Follow the 80/20 rule when you eat

Challenge your relationship with food for better health
Feb 12, 2019 · Catherine Poslusny
Father fixing breakfast for his children

When new, often-conflicting diet trends become popular, it can be hard to understand which one is actually best for your body. By the time you finish wading through the online chatter about a certain diet, there’s often a newer one on the scene, promising even more weight loss and an even bigger increase in energy levels. There’s an endless amount of dietary advice available online, but how are you supposed to sort through it all to find a sustainable way to improve your health? The answer may lie in changing your relationship with food altogether. 

In many areas of our lives, we’re taught that more is better – more money, more friends, a bigger house, more social media followers. It can be difficult to separate our cultural focus on “getting our money’s worth” from our eating habits, especially when faced with a landscape of giant portion sizes, even bigger plates, and all-you-can-eat buffets. With “more is more” as a prevailing mindset, it isn’t hard to see why almost 40% of the adult population in the United States is obese, according to the Centers for Disease Control and Prevention (CDC).

We’re all familiar with the particular blend of discomfort and regret that comes with overindulging. Maybe the meal was too delicious (or expensive) to go to waste, or maybe you were watching the latest episode of your favorite show and didn’t realize how full you were until it was too late. Either way, overeating can leave you feeling fatigued, uncomfortable, and cranky. In the long term, it can lead to weight gain and chronic disease.

The Okinawan people in Japan, famous for their health and longevity, have a beautifully simple solution to this problem: hara hachi bu. In English, the phrase means to eat until you’re only 80% full. To put things in perspective, Okinawan adults typically consume 1,200 calories a day, while U.S. adults consume an average of 1,800 to 2,600 calories a day, according to data from the National Health and Nutrition Examination Survey (NHANES) (PDF, 62KB).

Instead of eating until they’re full, those practicing hara hachi bu focus on eating until they are no longer hungry. One key to doing this is slowing down your meals. Have you ever noticed how fullness can sneak up on you? Sometimes you don’t realize until after you swallowed that last bite that you probably should have stopped eating a few forkfuls ago. This is because your brain doesn’t register that you’re full until it receives signals from digestive hormones in your gastrointestinal tract that are secreted when you eat. It takes about 20 minutes for this process to happen, which is why eating quickly can easily lead to overeating.

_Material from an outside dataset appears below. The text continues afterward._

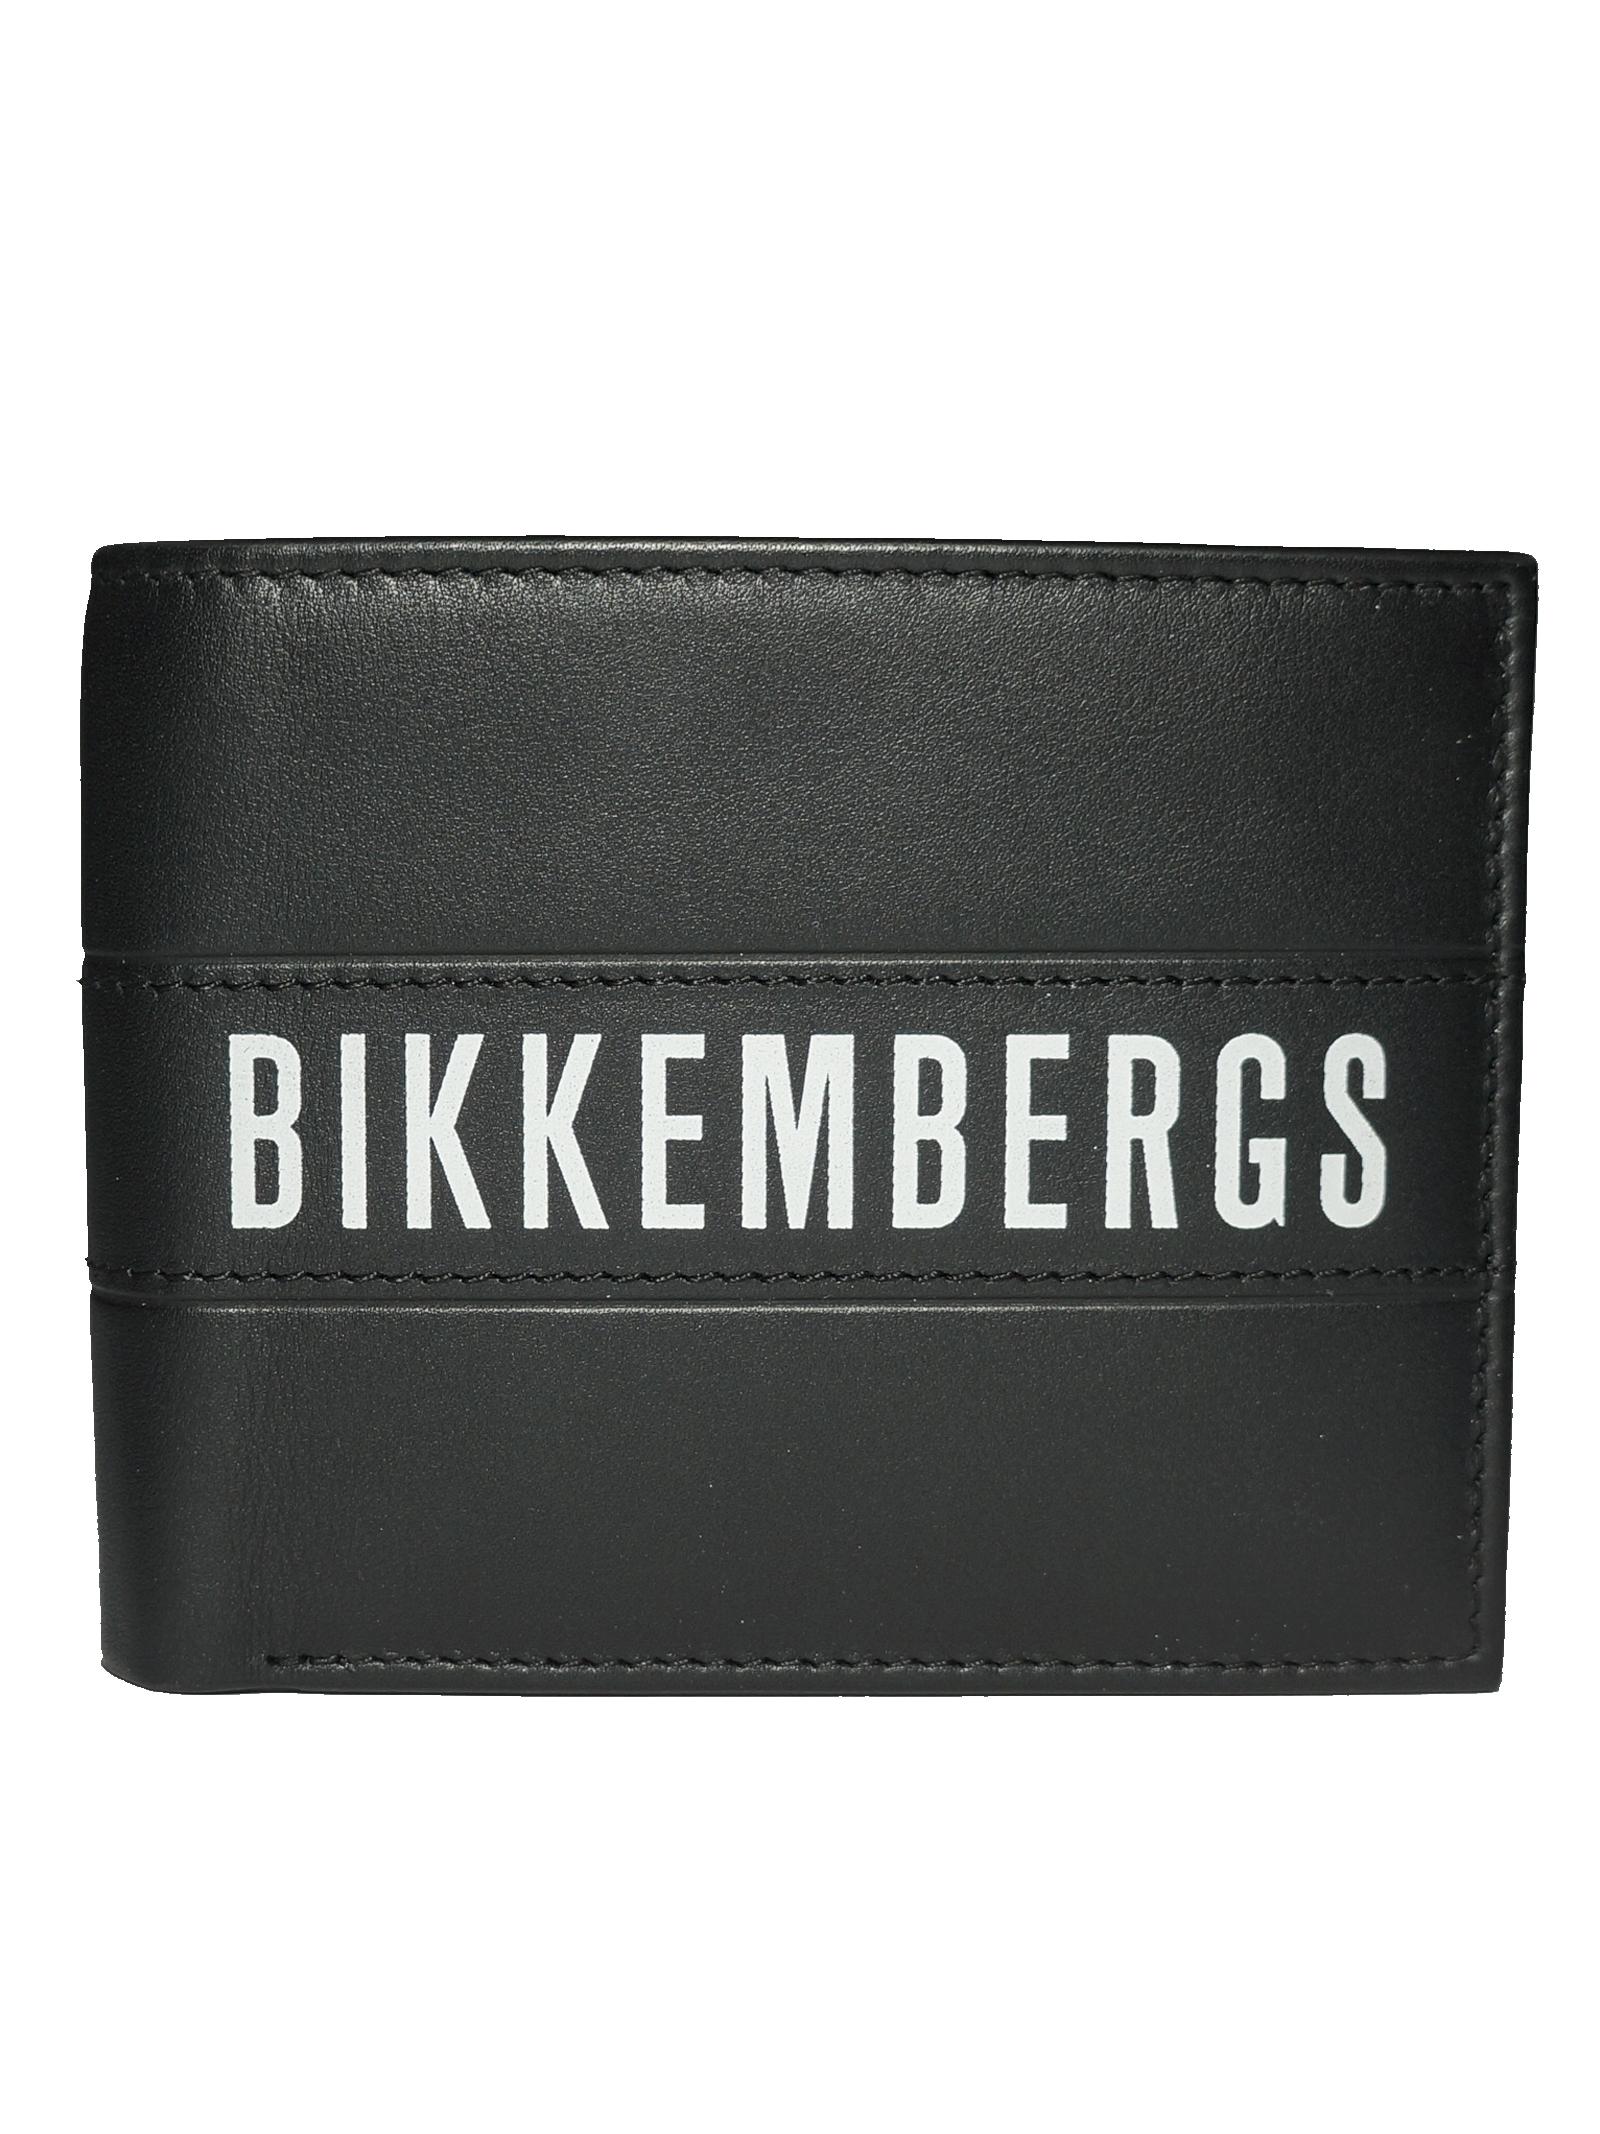 Portafogli Uomo in Pelle Bikkembergs BIKKEMBERGS | Portafogli | E2BPME1I3053D38LABELWALLET305

When you make your meals last longer than 20 minutes, you have a better opportunity to gauge your body’s reaction to the types and amounts of food that you eat. By giving your brain time to register how full you are, you’ll be more likely to recognize when you’re 80% full and stop eating. To slow down your meals, try:

  • Splitting your meals into several small courses
  • Eating from smaller plates and bowls
  • Avoiding television while you eat
  • Maintaining an active conversation during meals

By practicing mindful eating, you can learn to interpret your body’s signals and eat enough to make you feel energized and satisfied without feeling stuffed. To get more in tune with your body’s nutritional needs and learn how to tell when you’re 80% full, try the following methods:

  • Eat about half of what you would typically eat during a meal, then take a short break to see how you feel. If you’re still hungry after some time has passed, try eating another quarter of your meal.
  • Before you take a bite, stop to consider whether you are actually hungry. If not, think about why you want to eat. Things like boredom, sadness, anxiety, anger, and even certain places and people can trigger an impulse to eat when we aren’t hungry. Take note of this when it happens to you.
  • Stop worrying about whether you’ll be hungry again in an hour. If you genuinely do get hungry again, you can have a snack, but don’t let worry about future hunger give you an excuse to overeat in the present.

It will probably take a couple of weeks of mindful eating for you to begin to understand your body’s food needs. Be patient with yourself. Planning to stop eating when you’re 80% full is not as much about doing the math surrounding your portion sizes as it is about making a commitment to yourself not to overeat. By doing that, you’ll be well on your way to increasing your energy levels and life expectancy by preventing weight gain and chronic disease. If you still have questions about how to keep your diet or portion under control, don’t hesitate to talk to your nutritionist. Blue Shield members can easily find one by logging in to their accounts or downloading the mobile app.

Don’t stress out about remembering or sticking to the guidelines of the latest diet trend. Just remember the 80/20 rule: Eat until you’re only 80% full and make your meals last more than 20 minutes. Building a healthy relationship with food takes time, but the effort is always worth it.